Keep every word of the listing and drop the images when you write it out.

Information provided:
= = = = = = =
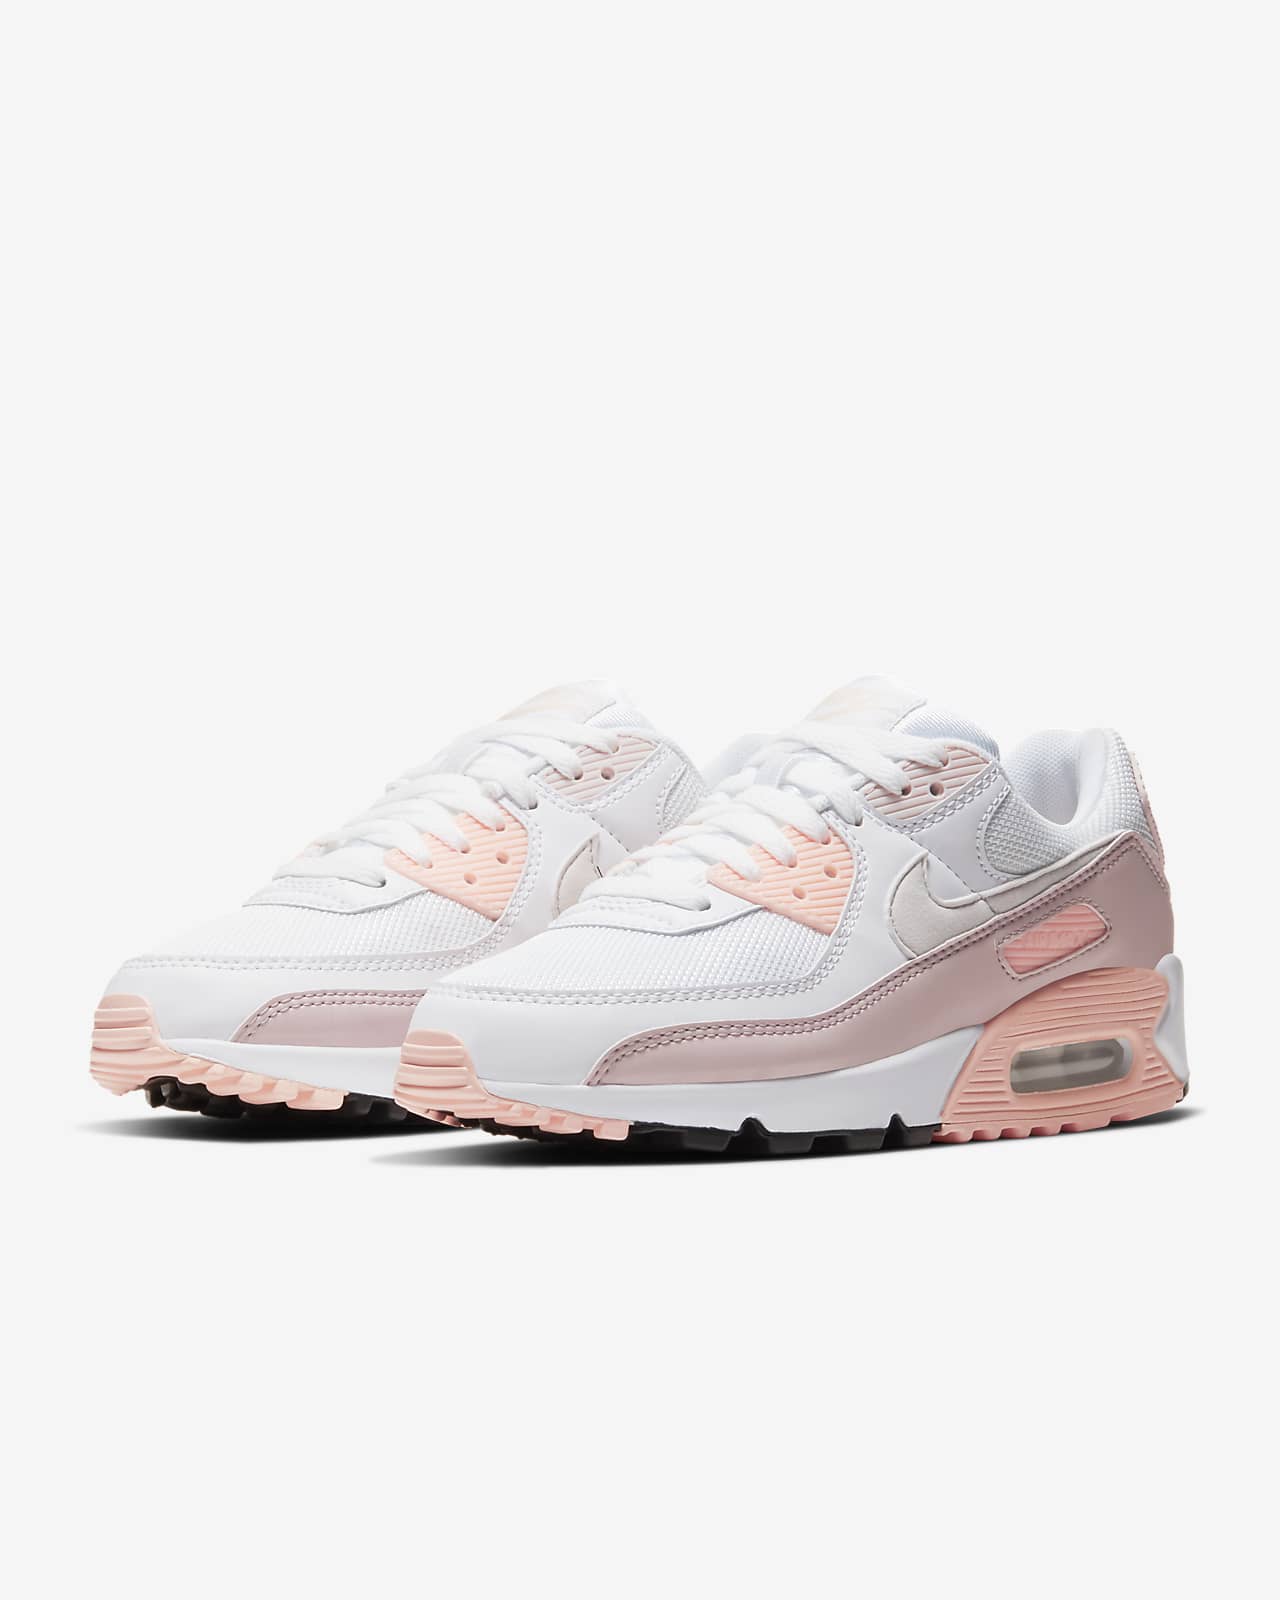 light pink air max 90, OFF 70%,Latest 
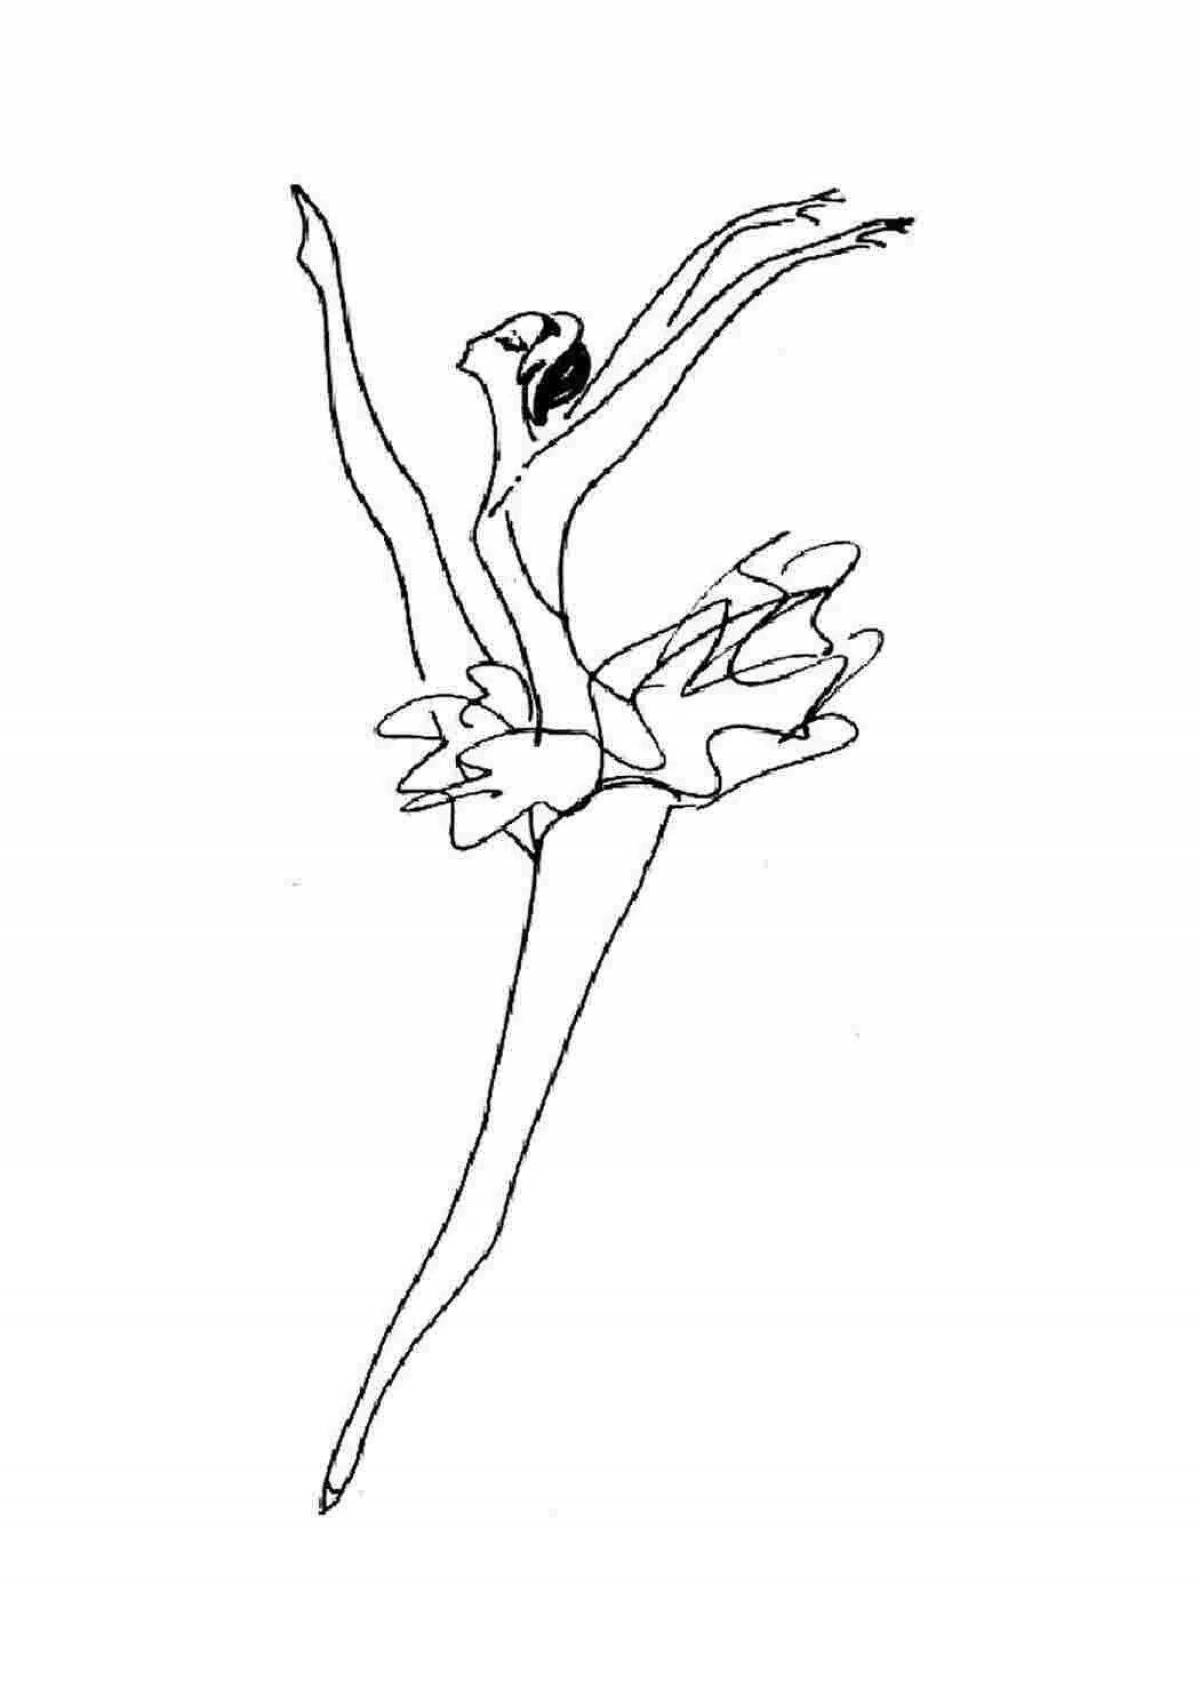 Coloring page gorgeous ballerina
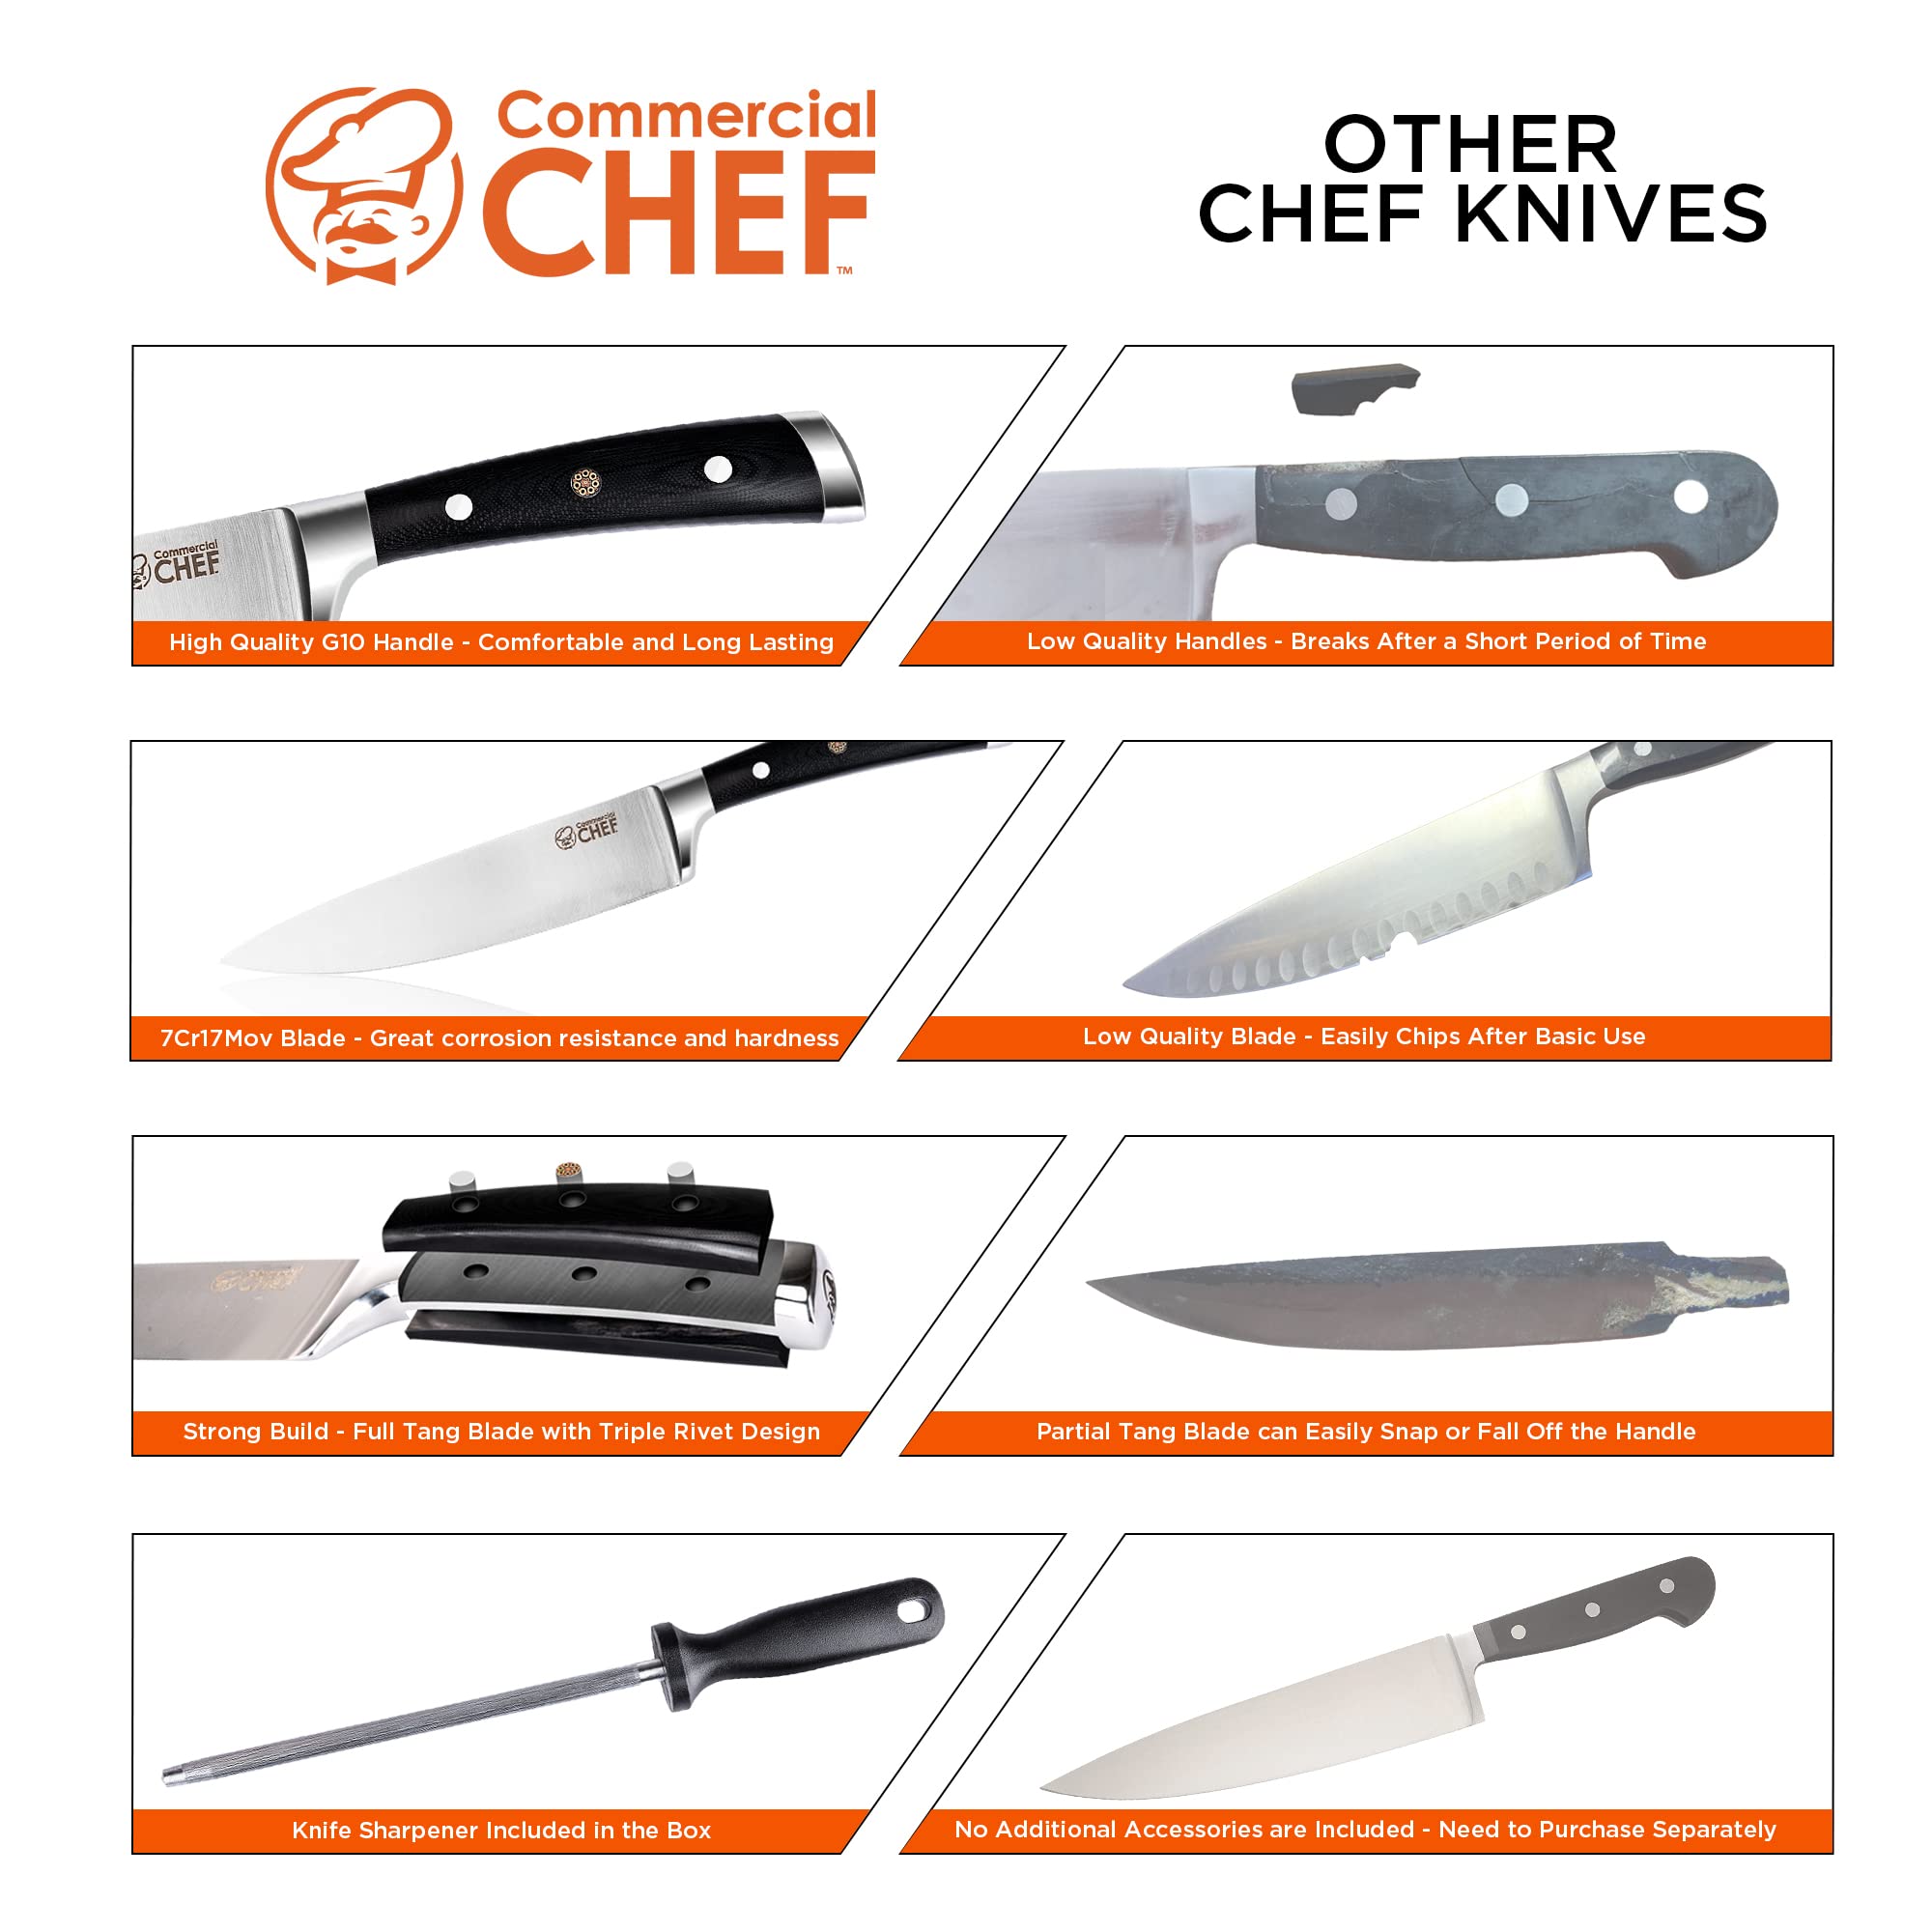 Commercial CHEF Professional Chef Knife with Sharpener - 8 Inch Chef's Knives - Well Balanced Full Tang Ultra Sharp Kitchen Knife - High Carbon Stainless Steel - Long Lasting Cooking Knife - Gift Box
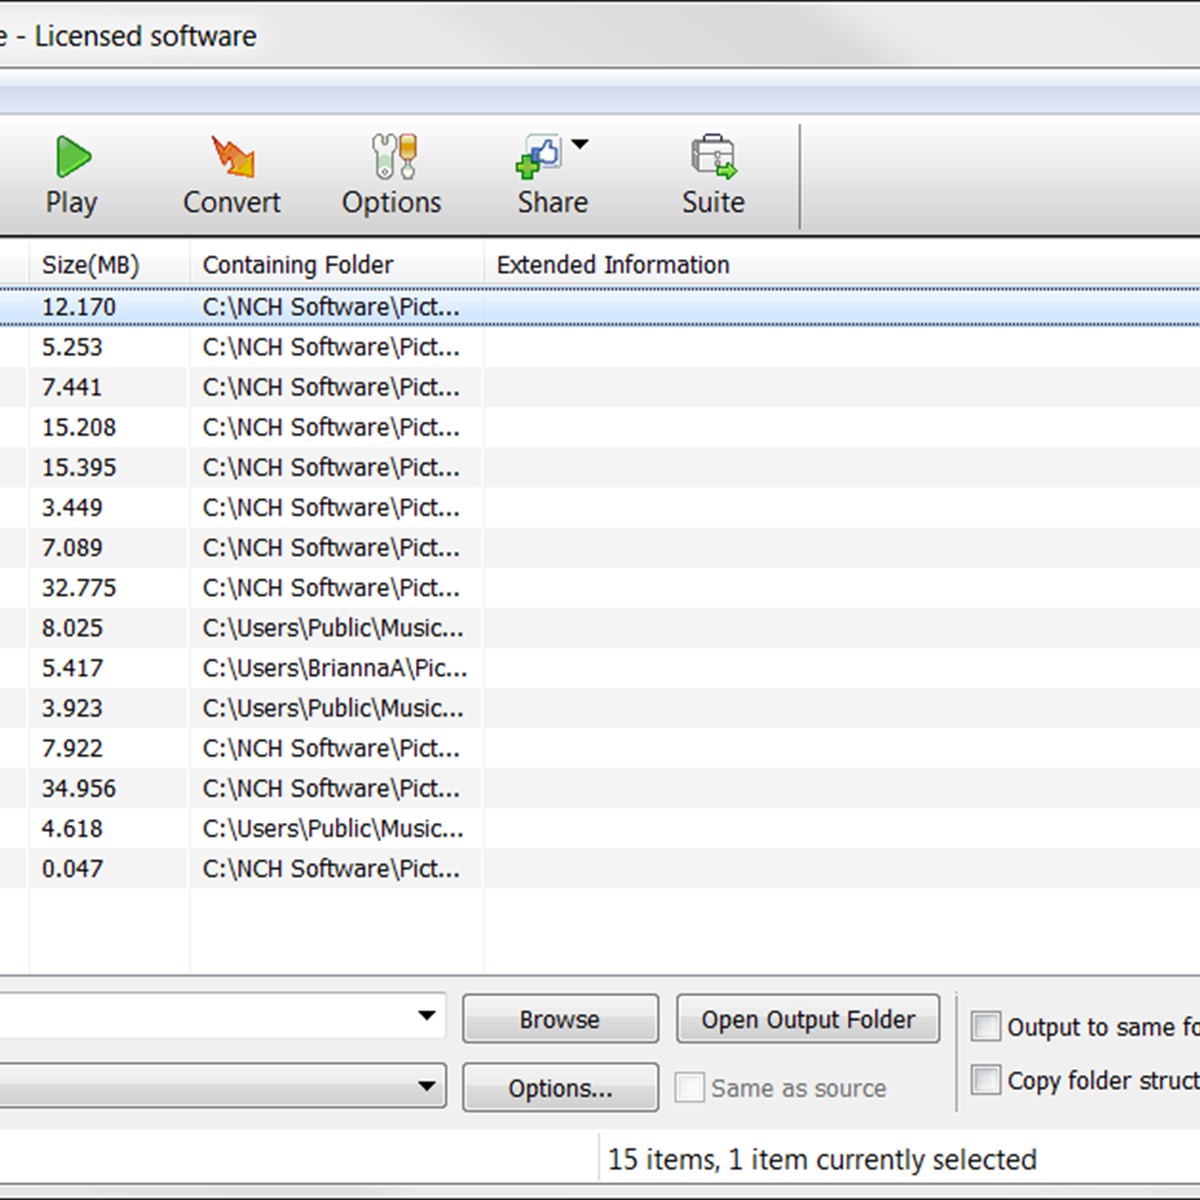 download nch switch sound file converter plus 4.47
= = = = = = =
Response to the exercise:
 light pink air max 90, OFF 70%,Latest 
 Coloring page gorgeous ballerina
 Commercial CHEF Professional Chef Knife with Sharpener - 8 Inch Chef's Knives - Well Balanced Full Tang Ultra Sharp Kitchen Knife - High Carbon Stainless Steel - Long Lasting Cooking Knife - Gift Box
 download nch switch sound file converter plus 4.47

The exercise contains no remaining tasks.